SpaceX Went From $150 to $225 and Back in Under 2 Weeks -- Here's the Math That Explains Every Dollar of That Move
Written by Justin Pope for The Motley Fool -> SpaceX's current float is less than 5% of total shares. That will grow significantly as SpaceX's staggered lockup expires.
Written by Justin Pope for The Motley Fool -> SpaceX's current float is less than 5% of total shares. That will grow significantly as SpaceX's stagger
Read Full Story at Nasdaq News →Why This Matters
The volatility in SpaceX's share valuation—even within a thinly traded secondary market—reflects deeper investor anxieties about the company’s long-term valuation model. With the impending unlock of nearly 95% of its shares, the price swings underscore how quickly perceptions can shift when liquidity constraints collide with high expectations for space industry disruption.
Background Context
SpaceX’s private market valuation has long operated in a gray zone between speculative enthusiasm and grounded financial engineering, with early investors relying on milestone-based growth narratives.
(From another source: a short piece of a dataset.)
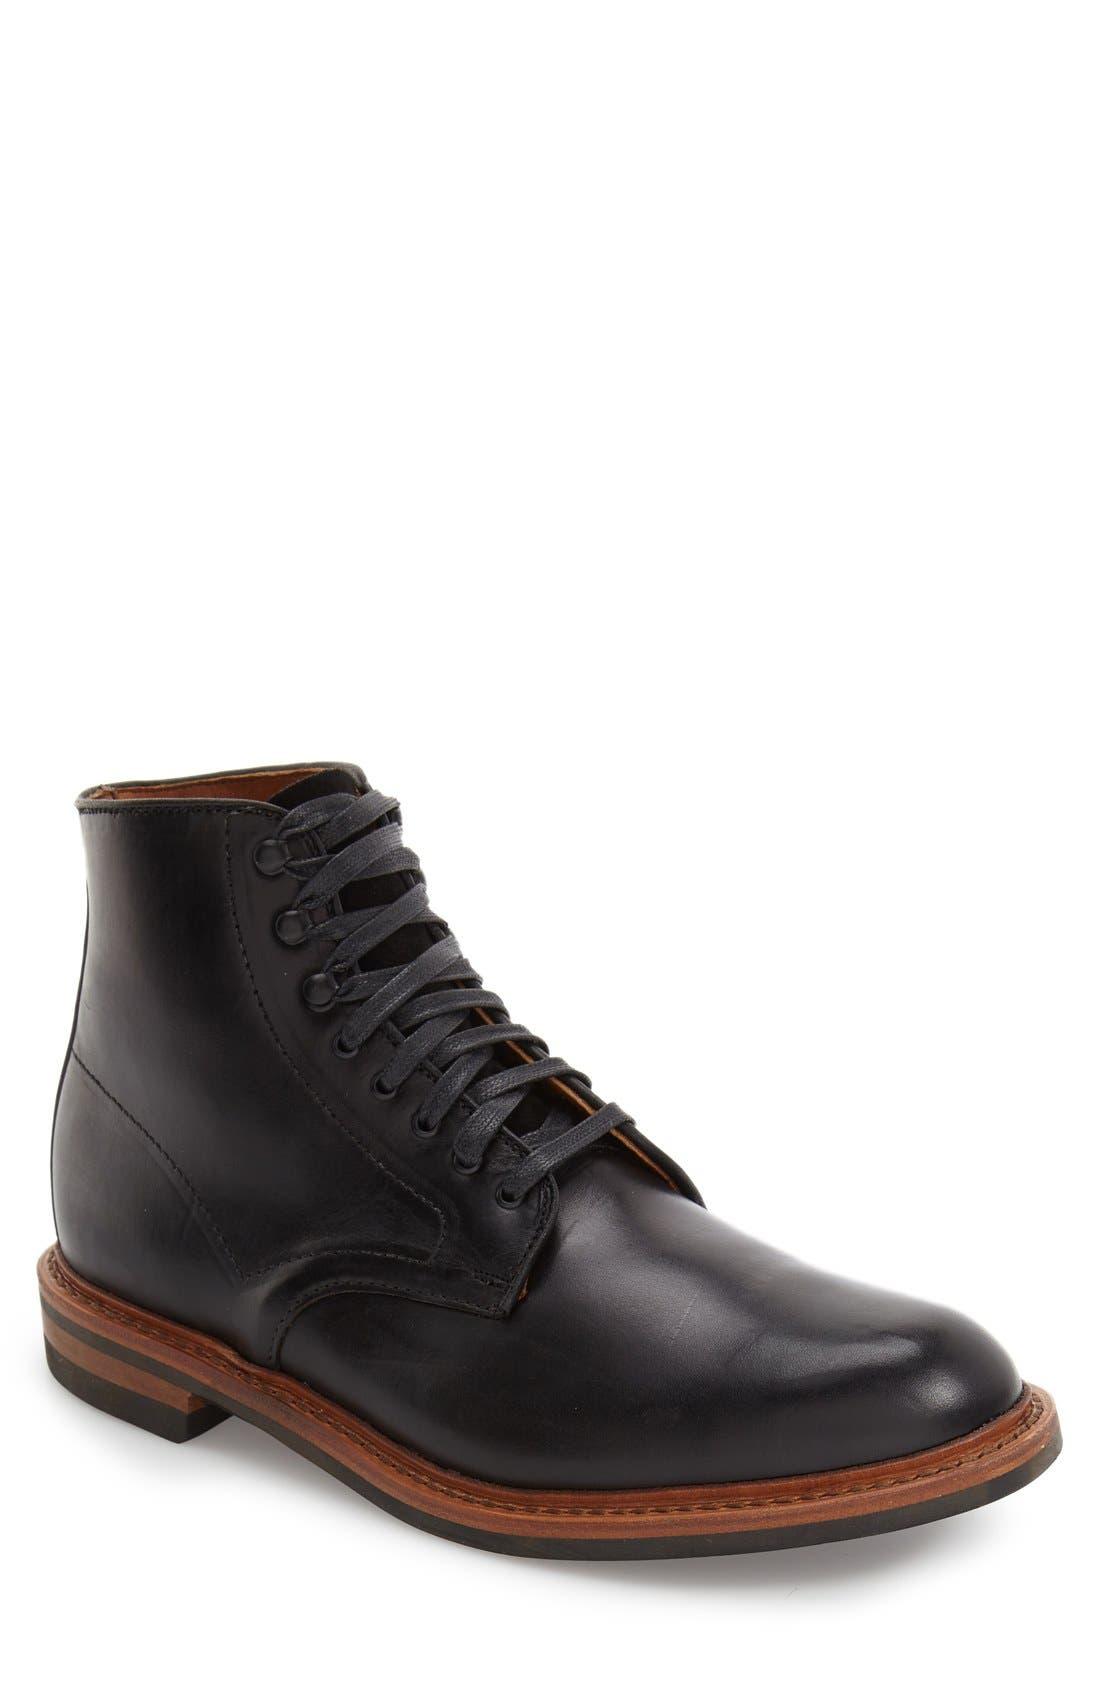 'Higgins Mill' Plain Toe Boot,                         Main,                         color, 001

The staggered nature of its lockup agreements was designed to stabilize early valuations, but as those restrictions loosen, the floodgates may expose the fragility of a valuation built more on future promise than current fundamentals.
What Happens Next
As more shares become freely tradable, the market may see a sustained correction unless SpaceX can demonstrate a clear path to profitability in its non-Starlink divisions. Watch for signals from institutional backers on whether they’re holding, selling, or doubling down—each move could amplify volatility in an already thin market.
Bigger Picture
This episode highlights a broader tension in high-growth private ventures: the disconnect between headline valuation and actual liquidity. As more unicorns face similar unlock events, the space economy may have to reconcile whether its valuation structures are sustainable—or if the next correction is already priced in.